China has been a reoccurring topic of discussion at recent Quad meets with Australia, the US, Japan and India in agreement that more must be done to counter China's increasing influence in the Indo-Pacific.

On Tuesday, China's foreign ministry spokesperson Wang Wenbin was pressed on the Quad's China stance, again highlighting Beijing's opposition to the informal alliance and any suggestion China has not adhered to international law with its maritime pursuits.

"We hope certain countries would not see China through tinted glasses and make unwarranted accusations," he said.

"Building small cliques and stoking bloc confrontation is the real threat to a peaceful, stable and cooperative maritime order."

Wang Wenbin was again critical of the Quad on Tuesday. Source: FMPRC
Wang Wenbin was again critical of the Quad on Tuesday. Source: FMPRC

Taiwan could become sticking point for Albanese

It comes hours after Mr Albanese was pressed on whether Australia would join the US in a war against China after US President Joe Biden said he would use military force if China was to physically move to reunify Taiwan.

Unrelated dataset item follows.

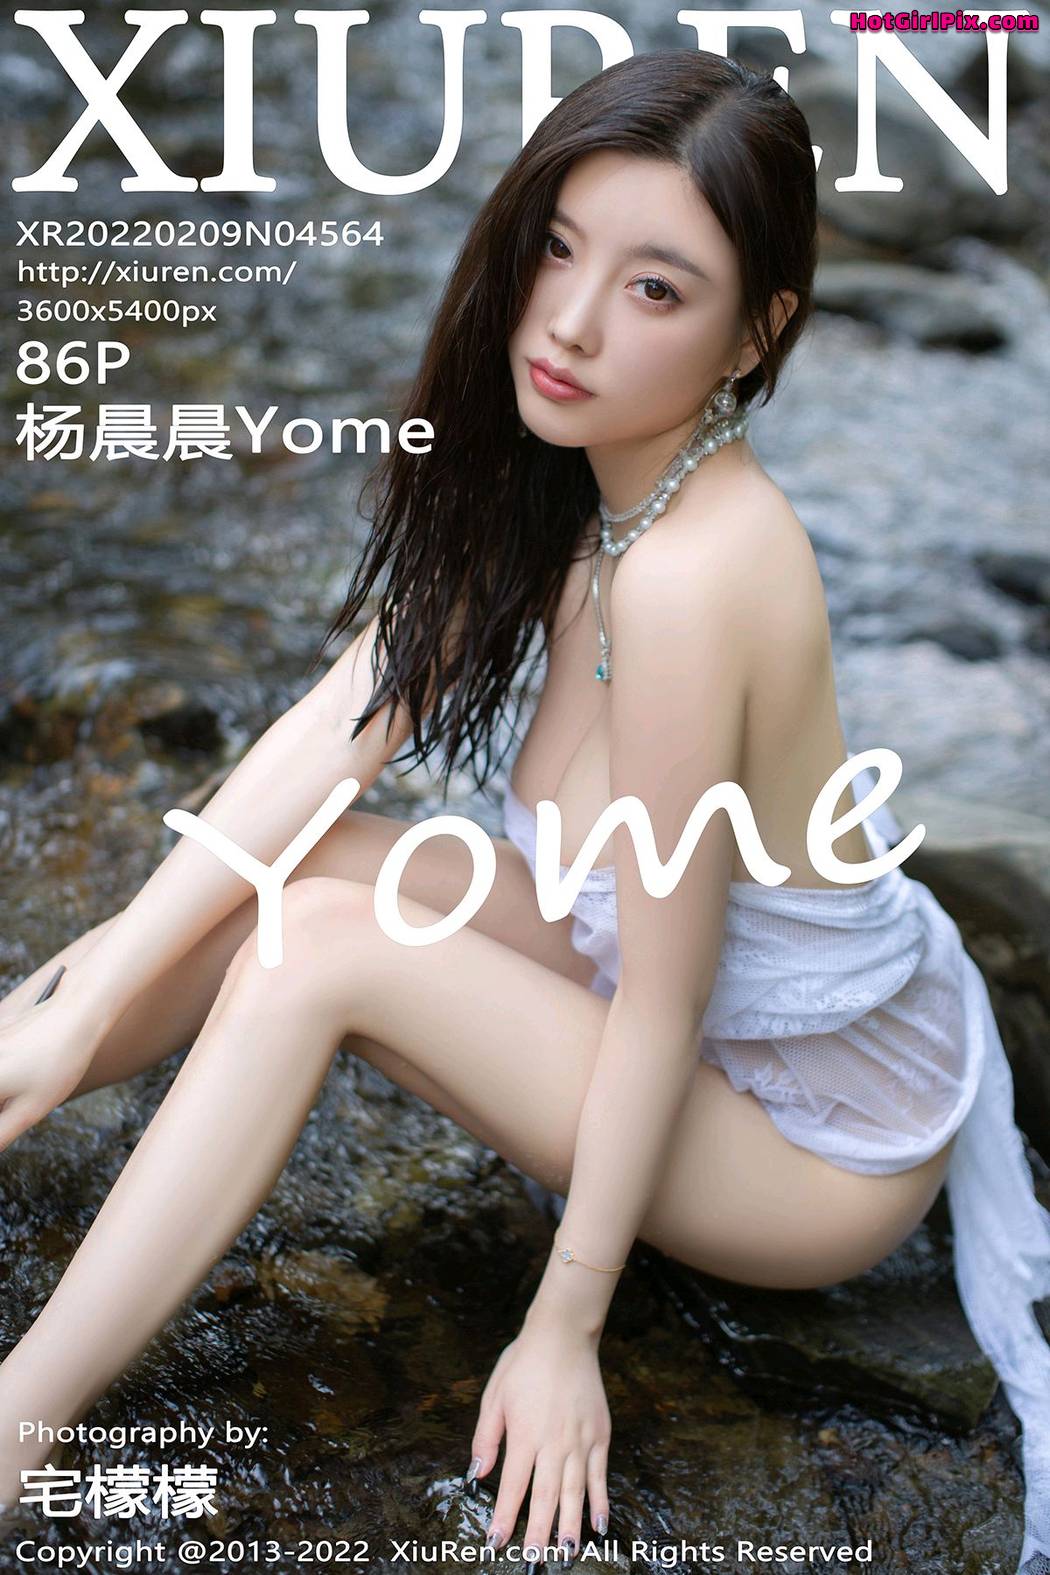 [XIUREN] No.4564 Yang Chen Chen 杨晨晨Yome (Yang Chen Chen 杨晨晨sugar) Cover Photo

While Mr Albanese said Australia's position remained the same, he failed to offer a definitive yes or no answer.

"There should be no unilateral change to the status quo. Our position has not changed," he told reporters in Japan.

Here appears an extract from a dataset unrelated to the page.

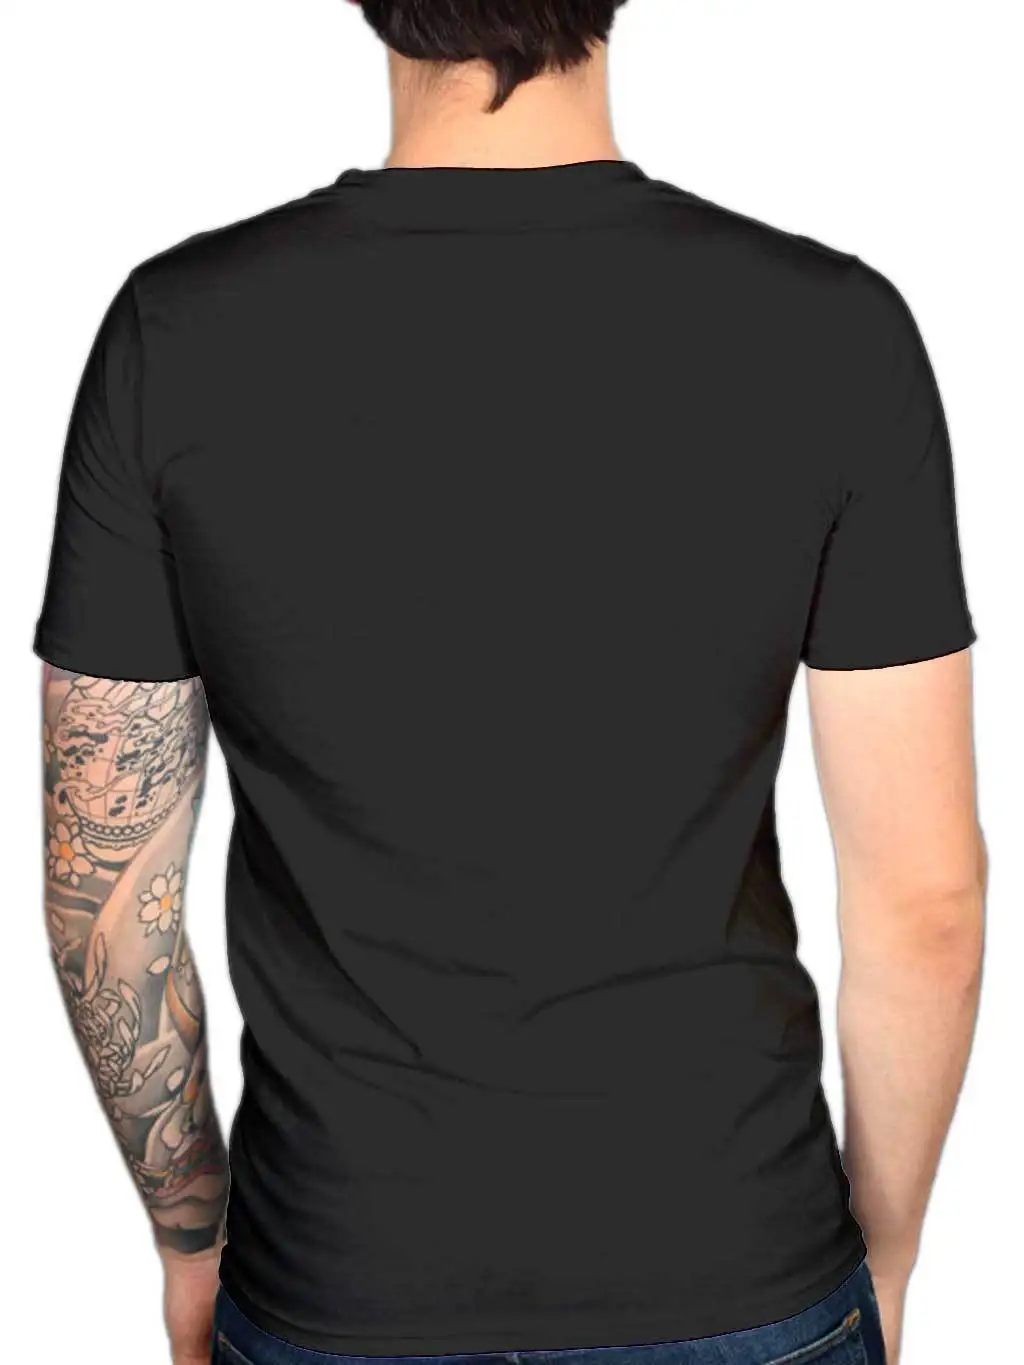 Мужская футболка Halo-1610 крутая Повседневная унисекс с логотипом Cowskull Circle модная

Prime Minister Anthony Albanese has his hands full dealing with the relationship with China. Source: Getty
Prime Minister Anthony Albanese has his hands full dealing with the relationship with China. Source: Getty

It's a difficult position for Mr Albanese, as while he has already shown he is willing to be critical of and firm with Beijing, he will want to avoid the kind of rhetoric from former Defence Minister Peter Dutton which China – and his new foreign minister – said was unnecessarily hyping up the threat of war.

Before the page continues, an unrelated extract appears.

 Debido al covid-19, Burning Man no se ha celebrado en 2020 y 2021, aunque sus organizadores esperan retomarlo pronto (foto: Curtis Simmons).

In contrast, Mr Wang's message on Taiwan was crystal clear.

"I want to remind the US side that no forces, the US included, can hold back the Chinese people’s endeavour to reunify the nation," he said.


China has offered somewhat of an olive branch to Mr Albanese, stressing it is open to repair a badly-damaged relationship which drastically soured under the Morrison government.

Mr Wang was further pressed on Mr Albanese's commitment to the Quad, to which he declined to comment.

"At the moment I don’t have anything else to add," he said, referencing his comments 24 hours earlier congratulating Mr Albanese on his election victory.

On Wednesday, Treasurer Jim Chalmers appeared to suggest Mr Dutton's rhetoric had contributed to the Coalition's election defeat, stressing the Albanese government's goal is peace in the region.

"The China relationship is a complex one that's becoming more so because of China's actions," he said.

"China has become more aggressive and more assertive and our responsibility as the incoming Government is to manage that complex relationship in a considered and sober fashion."